Apesar do sucesso de público, a entidade enfrentou polêmicas envolvendo a venda de entradas.

Autoridades dos estados de Nova York e Nova Jersey abriram investigações para apurar possíveis irregularidades relacionadas aos preços, à revenda oficial e até à localização dos assentos comercializados.

Também houve críticas ao custo elevado do transporte para alguns estádios e à proibição inicial da entrada de garrafas de água, medida que acabou sendo revertida após reclamações dos torcedores.

MetLife Stadium - Copa do Mundo
Créditos da foto: Getty Images.

Política também marcou a competição

A Copa de 2026 também ficou marcada por episódios políticos.

Ainda antes do início do torneio, restrições migratórias impediram a entrada de representantes ligados a algumas seleções.

Durante a competição, o Irã enfrentou limitações para permanecer nos Estados Unidos entre suas partidas.

Outro episódio bastante comentado envolveu o atacante Folarin Balogun.

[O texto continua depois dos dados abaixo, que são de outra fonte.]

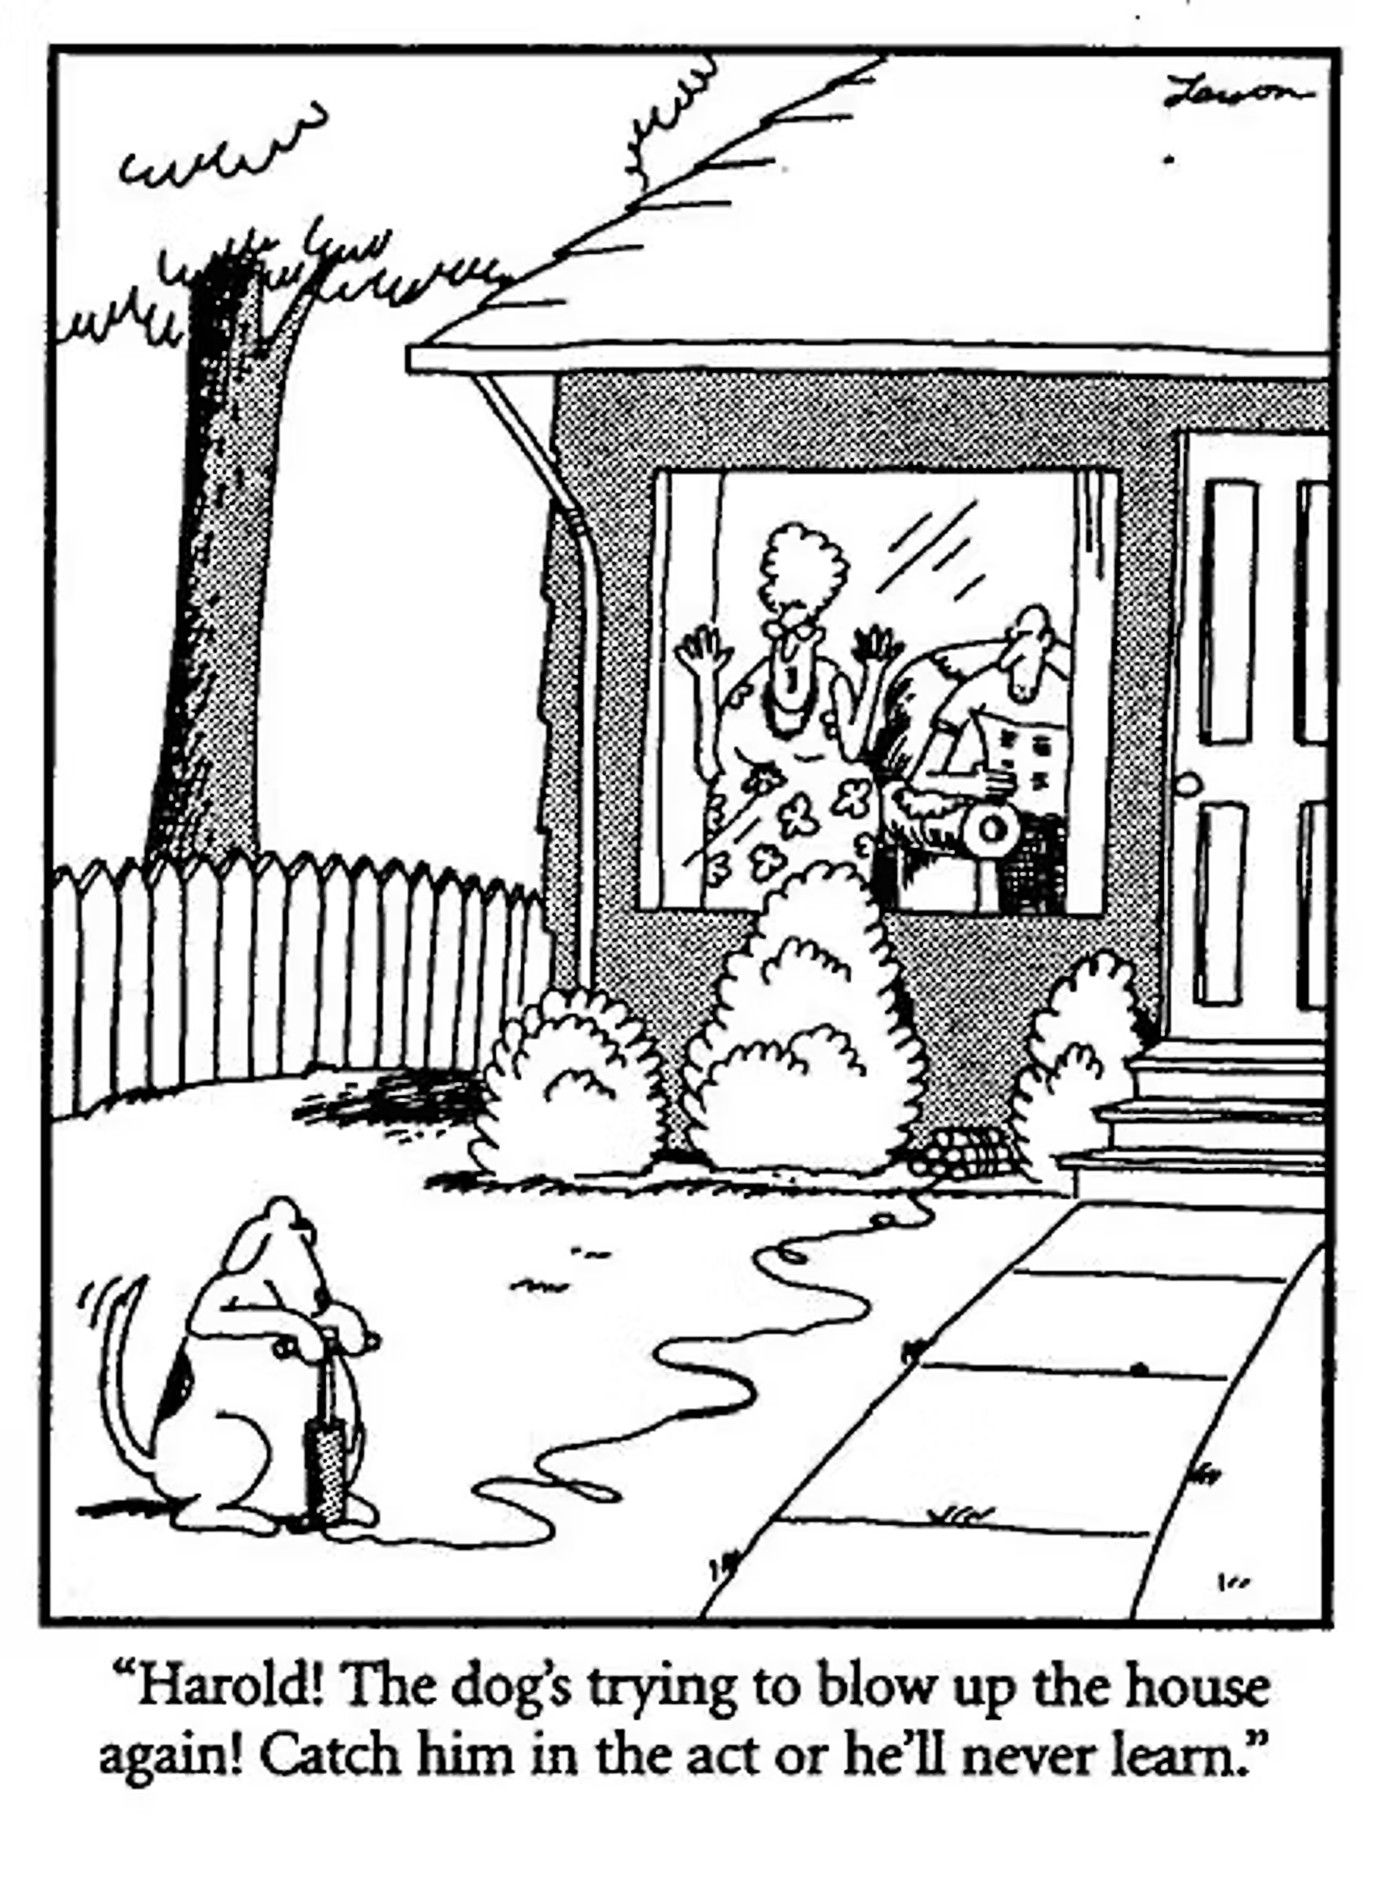 Far Side, "Harold! The dog's trying to blow up the house again!"
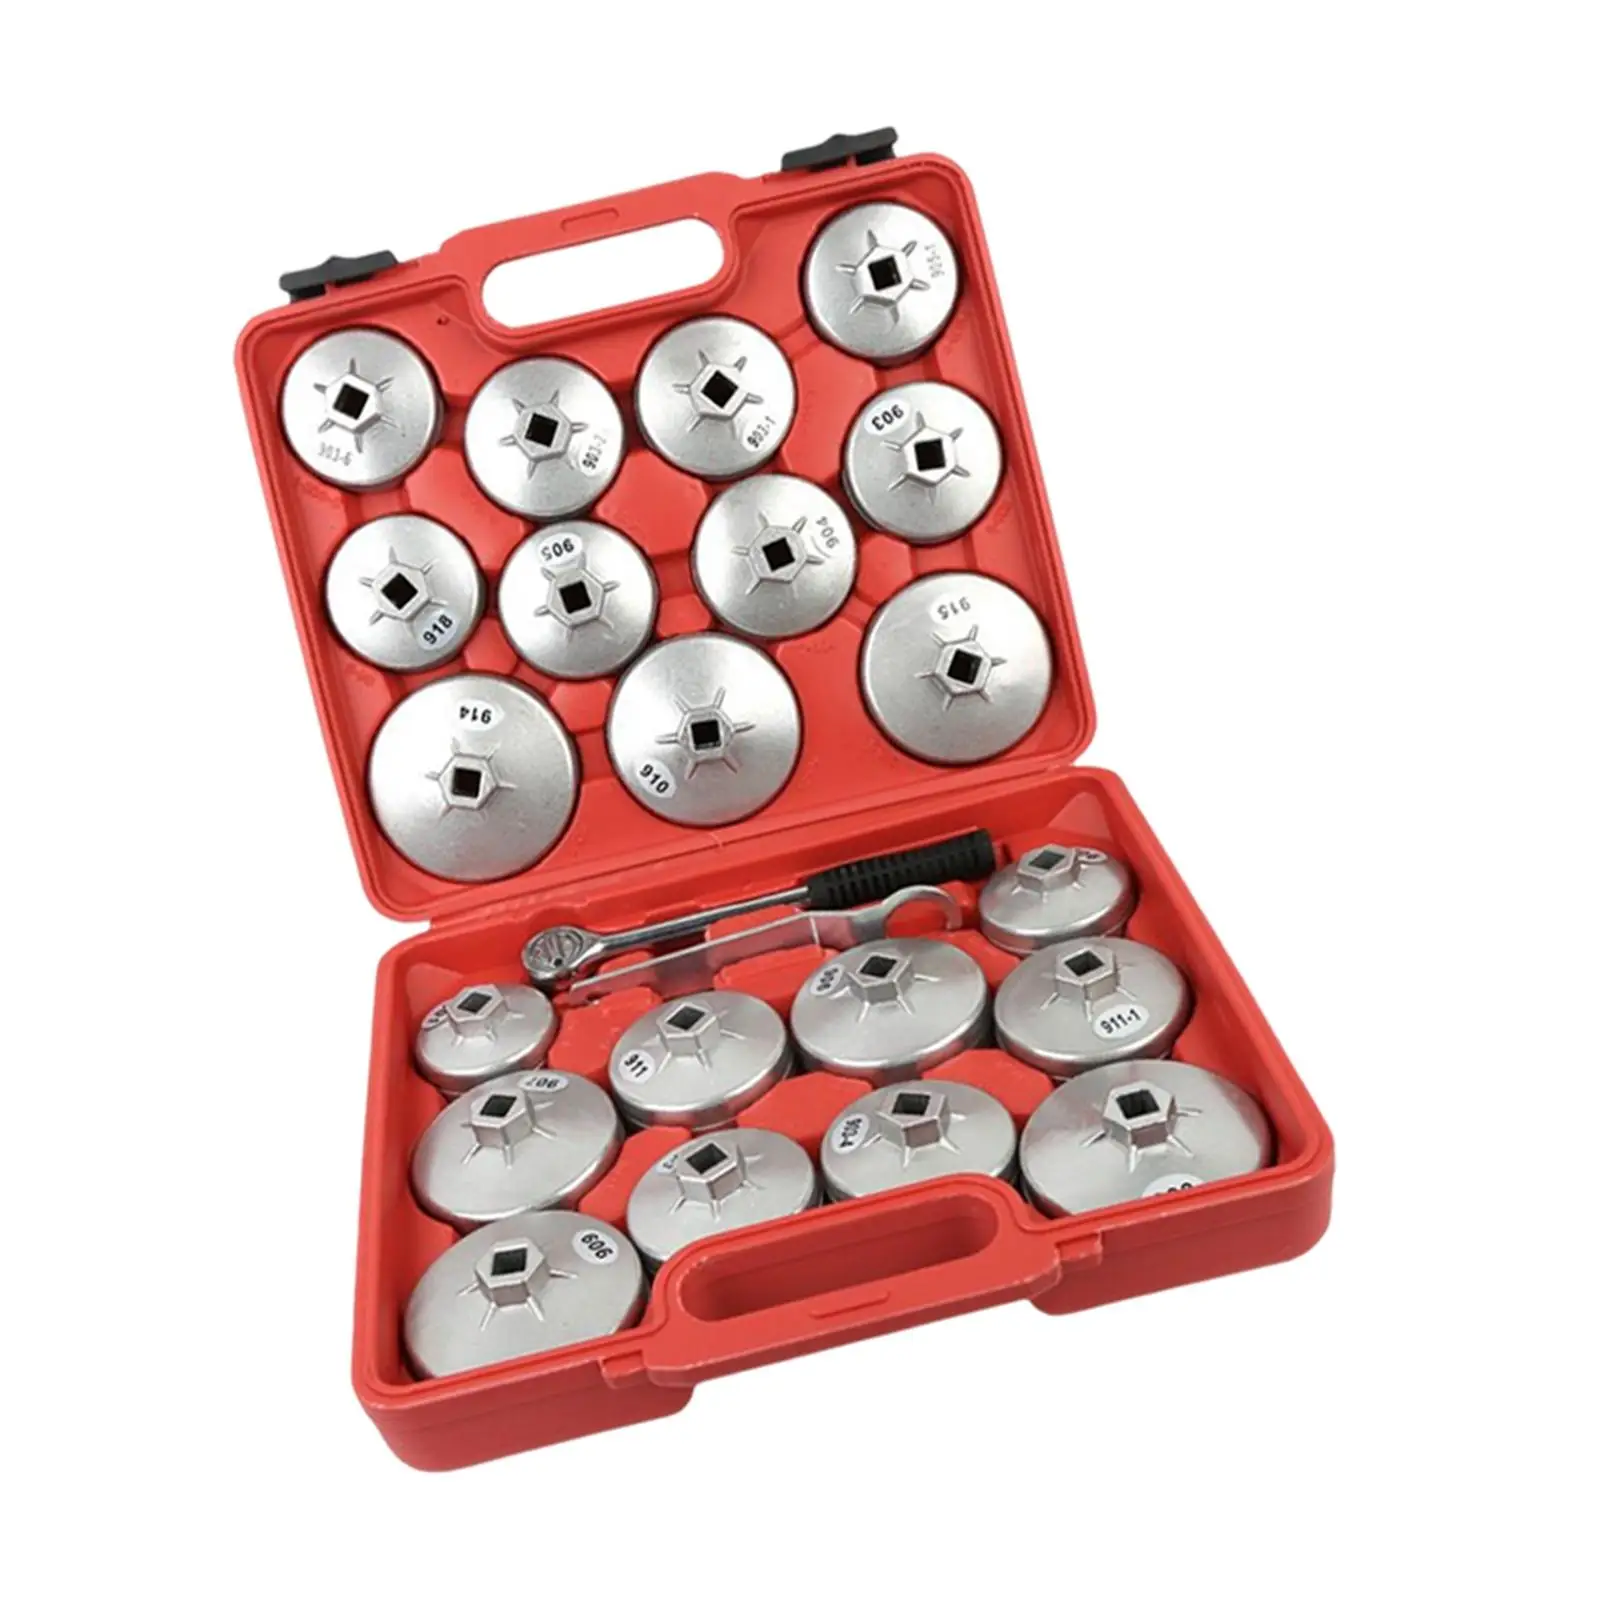 23Pcs Oil Filter Wrench Cup Set Silver Cup Type Wrench Remover Cup for Audi Auto 901-915 Aluminium Car Supplies Auto Parts

Após ser expulso, o jogador teve sua suspensão revertida depois de uma decisão inédita do Comitê Disciplinar da Fifa, tomada após uma intervenção envolvendo o presidente dos Estados Unidos, Donald Trump.

A decisão gerou debates sobre possível interferência política em assuntos esportivos.

Copa do mundo Trump Infantino
Foto: Reuters

VAR funcionou melhor pela rapidez

O árbitro de vídeo voltou a ser protagonista em vários momentos da Copa.

Na fase de grupos, o sistema recebeu poucos questionamentos, mas o mata-mata aumentou o número de lances polêmicos.

Federações e treinadores criticaram alguns critérios utilizados pela arbitragem, principalmente em decisões subjetivas.

Mesmo assim, um aspecto chamou atenção positivamente.

As revisões foram realizadas de forma muito mais rápida do que em competições nacionais, reduzindo o tempo de paralisação das partidas.

Embora o número de intervenções tenha sido semelhante ao registrado na Copa de 2022, a agilidade das análises fez com que o VAR fosse percebido de maneira menos negativa por jogadores e torcedores.

No fim das contas, a primeira Copa do Mundo com 48 seleções mostrou que o crescimento do torneio trouxe benefícios importantes, como novas histórias e maior representatividade, mas também aumentou o número de debates, desafios organizacionais e polêmicas. A edição de 2026 pode não ter sido perfeita, mas certamente redefiniu o futuro do maior evento do futebol mundial.